By Bryan Thompson, May 23, 2016
NPR, Harvard University and the Robert Wood Johnson Foundation partnered to survey Americans last year about their perceptions of health care.
Kansas was one of seven states — Florida, New Jersey, Ohio, Oregon, Texas and Wisconsin were the others — singled out for a closer look. And the thing that stood out about Kansans was the degree of concern they expressed about the cost of health care.
As a retired nurse, Pat Hook knows all too well the potentially catastrophic consequences of not following her diabetic treatment plan to the letter.
“I got a good lecture from my doctor the last time I went,” said Hook, who was one of about a thousand Kansans who answered the telephone survey. “Told me that if I didn’t get on my insulin and stay on it, that my kidneys were gonna fail, I was gonna go blind — everything I already knew. But that doesn’t change anything.”
Hook, who lives in the tiny town of Mayfield, 40 miles southwest of Wichita, said she has no choice but to triage her own care. Even though she’s covered by Medicare, she can’t afford the insulin and other drugs she needs to control her diabetes.
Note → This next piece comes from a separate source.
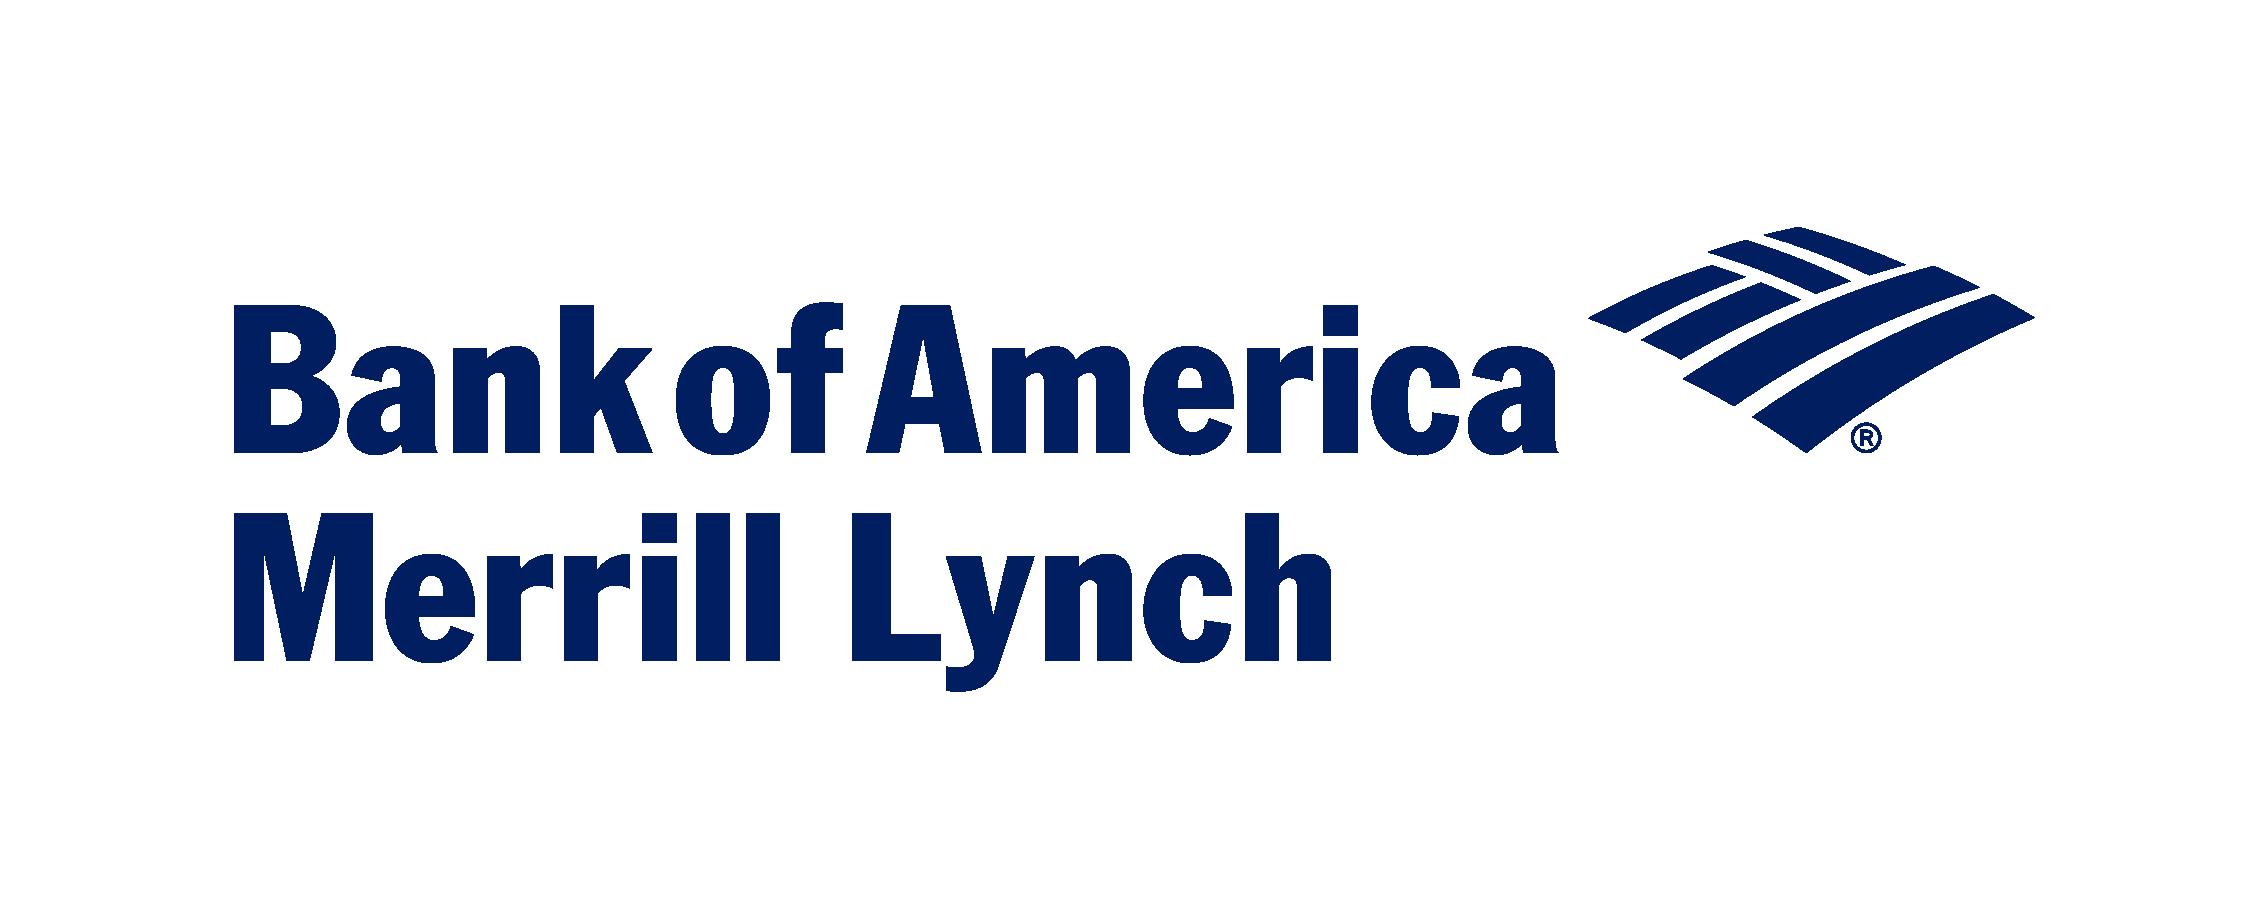 Bank_of_America_Merrill_Lynch_signature_RGB_300

“Last month I went to get my medicine, and it was $708, and I couldn’t get it,” Hook said. “That’s just my copay, because I’m in the doughnut hole. I couldn’t have afforded that if I was working.”
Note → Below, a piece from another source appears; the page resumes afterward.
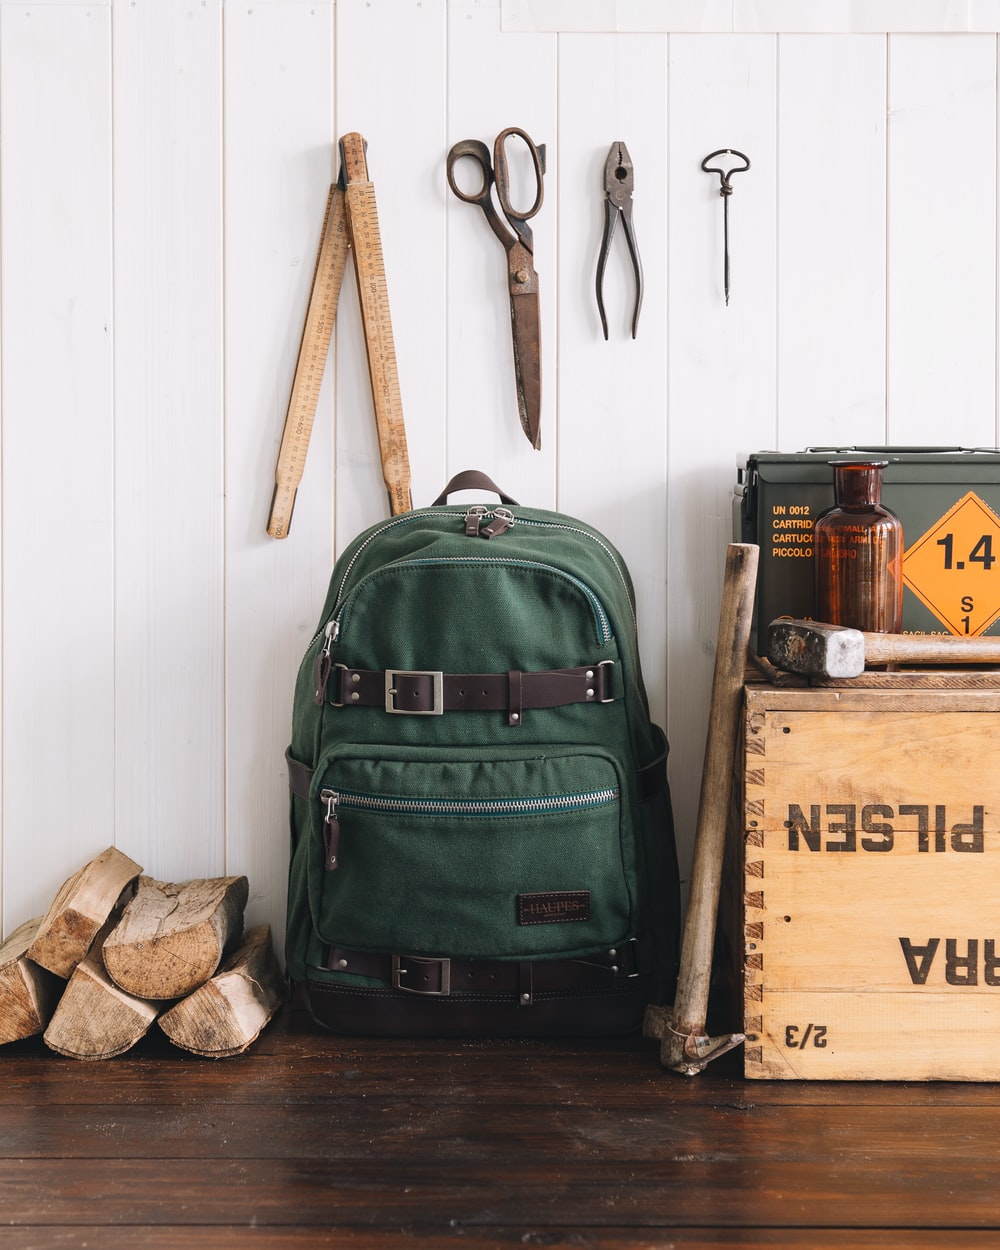 green backpack near wall

The “doughnut hole” Hook referred to is a gap in Medicare’s prescription drug coverage. Once a person’s drug costs reach a certain level, their coverage is reduced until their drug spending hits an upper threshold.
The Affordable Care Act — also called Obamacare — includes provisions to close the “doughnut hole” over time, but in the meantime people like Hook struggle to balance their finances and their health.
“I stretch my insulin a lot. I may take one shot a day versus four,” she said “Pills, I skip ’em to once every three days.”
The scrimping isn’t limited to medication. Hook said she buys only the most basic groceries: milk, bread, cheese, potatoes. To save on gas, she and her husband limit their trips to Wellington, the county seat 10 miles away. They haven’t taken a trip or vacation since she retired five years ago. And still, they’ve spent all of their savings.
“Between taxes and health care, medication … yeah, it’s gone,” Hook said.
Harvard’s Robert Blendon, who led the polling effort, said Kansans were more likely than the national sample — and those in the other six states singled out in the poll — to report serious financial difficulties caused by health care costs.
“They think they’re going up,” he said. “They’re more concerned about the future. They’re worried about their insurance premiums. They’re more likely to say their own health care costs are unreasonable.”
So are health care costs really a bigger problem in Kansas than elsewhere?
Paul Hughes-Cromwick, co-director of the Center for Sustainable Health Spending at the nonprofit Altarum Institute, said a lack of timely state-level information makes valid comparisons difficult.
“The last time the government updated the state-level spending data was 2009, and they’re about to issue it again, but not until next year,” he said.
Hughes-Cromwick said overall health care spending growth has seen a historic slowdown during the last few years.
He thinks what’s really hurting Kansans is that their incomes are growing at an even slower pace, and insurance changes are requiring consumers to shoulder more of the cost for health care.
“Health care costs have been rising faster than our incomes for about as long as I’ve been alive — and I’m not a young guy,” Hughes-Cromwick said. “Now we’re in an era where copays, deductibles, out-of-pocket cost sharing is increasing.”
Those out-of-pocket costs often are related to prescription drugs, according to Cynthia Cox, an associate director with the nonprofit Kaiser Family Foundation.
“When we poll people and ask them what their top health care concerns or priorities are, prescription drug costs always have been coming to the top,” she said.
From 2013 to 2014, the average out-of-pocket cost for hospital stays dropped, she said.
“That’s in large part because of the Affordable Care Act expanding coverage to more people,” Cox said. “But at the same time, out-of-pocket costs for prescription drugs actually increased from 2013 to 2014.”
And that’s an issue for aging Americans like Hook who have chronic conditions such as diabetes, heart disease or stroke.
Troy Ross, who heads the Overland Park-based Mid-America Coalition on Health Care, said the drugs needed to treat those conditions play a key role in escalating health care costs.
“Year in and year out, if you look at the drivers of health care costs, almost exclusively you’re going to see what is the ongoing progression of chronic disease across our state that is driving health care costs,” he said. “All too often that bubbles up and surfaces in the form of folks having to go to hospitals … going to more urgent care centers and ERs.”
Ross said that as employers continue to shift more health insurance costs to their workers, employees may try to save money by cutting back on their use of health care services.
“Folks will simply stop going to see their primary doctor for a preventive health visit,” he said, and that may lead to larger health costs down the line.
Ross wants to see the health care system shift from paying on the basis of the number and type of services delivered to the value of those services in maintaining a patient’s long-term health.
Helping people better manage their chronic diseases — or even prevent them altogether through healthier lifestyles — is the ultimate answer to rising health care costs, he said.